Максим поразился: ну, надо же! и ворпани про совесть толкуют. Такое лишь в сказке возможно. Дальше старший Клоб продолжил увещеванья, но без энтузиазма – больше для порядка. Рыжие братья – добросовестные сотрудники холдинга и ревностные слуги Энгру. Очень похвально!

– То есть не желаешь? – повторил Клоб.

Он возвышался над пленником, широко расставив ноги и заложив руки за спину. В строгой синей униформе без знаков отличия. На голове не просто бейсболка – строгий синий кепи с козырьком (если поменять на цвет хаки, то это точно стиль милитари). Сцена допроса с пристрастием. Партизан Витька страдальчески вытянул шею и сомкнул уста.

– Ты сам напросился!

Клоб отошел на два шага, примерился взглядом и тихонько присвистнул. Это и был тот свист, что услышал Максим? или не тот? Последовал новый резкий звук, порыв воздуха – тоже свист, но иного рода. И не только свист. Что-то мелькнуло, сверкнуло – похожий эффект с зеркальной гранью в комнате с шубами и Танькой Веселкиной. Но ничего не исчезло – напротив, появилось. Невидимая плеть рассекла воздух и Витькины тряпки, от рубашки и брюк со спины беспомощно повисли лоскуты. На обнажившейся коже вспухли красные полосы – след удара. Упс-с-с! Больно… Витька тоненько закричал.

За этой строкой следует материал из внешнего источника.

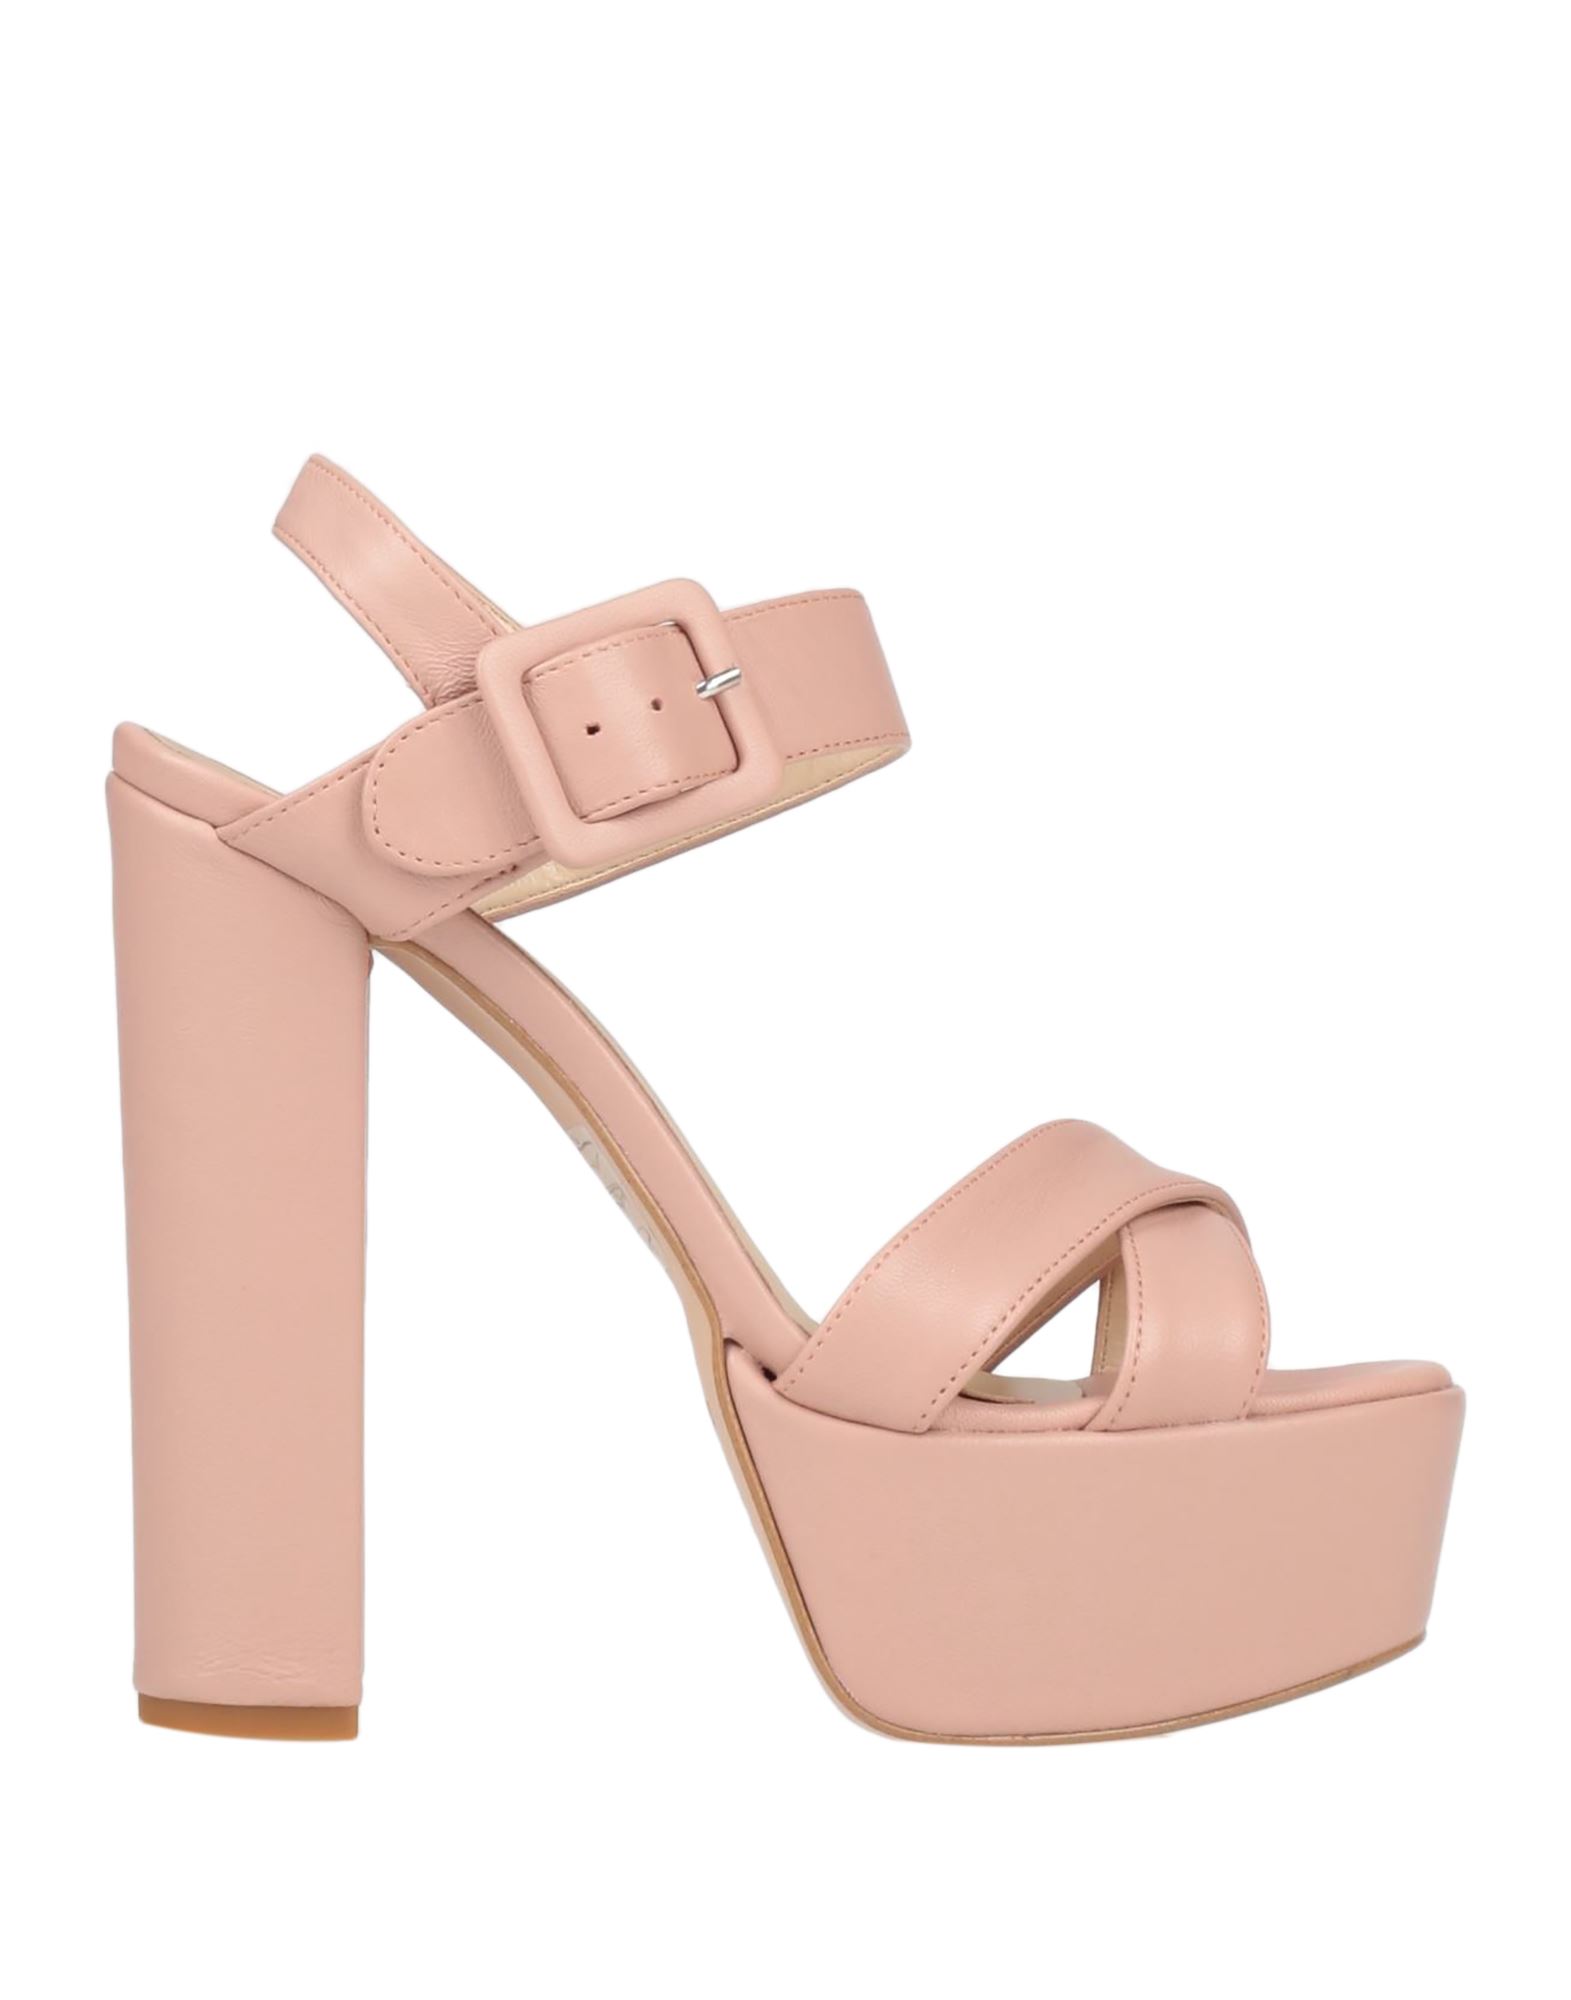 Shop Islo Isabella Lorusso Woman Sandals Light Pink Size 8 Soft Leather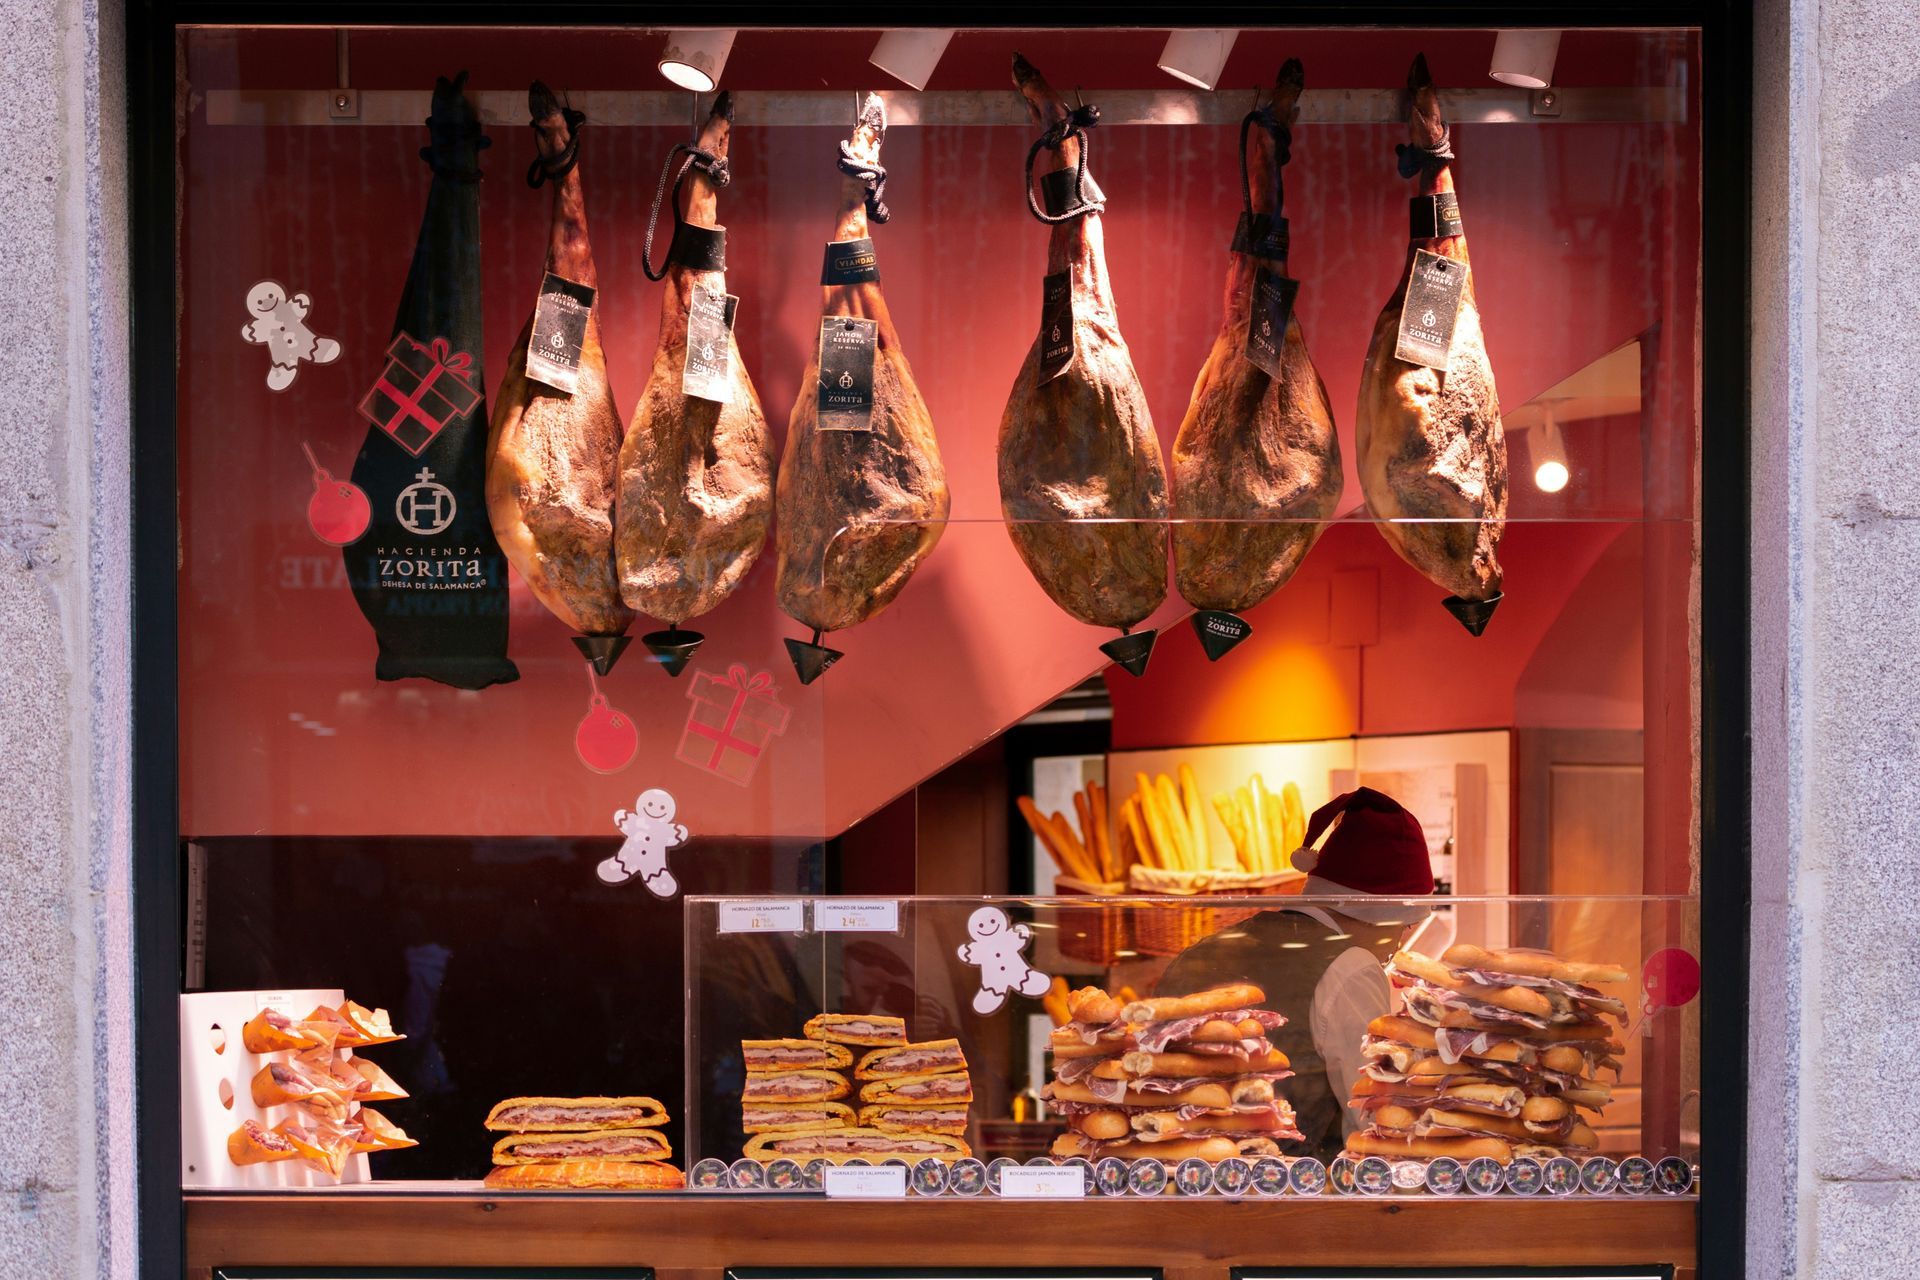 Meat dishes from Costa Brava

– Будьте прокляты, фашисты! Я не смирюсь! Так Варваре и передайте! Нет у вас ничего против Виктора Пятнашкова!

– Передадим, передадим, – Клоб снова присвистнул. Пытка повторилась. И повторился Витькин стон напополам с плачем. Максиму стало ясно, что он слышал. Хоть что-то стало ясно…

Но бдительности не терял. Заглядывал со всяческой предосторожностью, чтобы его не заметили. Чтобы не сделали в свою очередь с ним злую штуку с привязыванием. Царапины на теле пленника явственно вспухшие и глубокие. Это не театр. Форменная экзекуция. Витьке очень больно.

Максим заколебался: вроде нельзя допускать такого безобразия – нельзя бросать человека в беде (даже если он виноват!). Но если по-другому выйдет, что сам по своей спине схлопочешь? Вот и выбирай – прямо поехать или налево, коня лишиться или еще чего… Хлопок по спине. Сильная мужская рука хлопнула. Племянник подскочил и повернулся. Оправдания, что он здесь случайно, и что, вообще, ничего не видел, замерли на губах.

– Тулово сдвинь, пузан! Дай пройти, – толкнув шпиона, в амбар ввалился младший ворпань.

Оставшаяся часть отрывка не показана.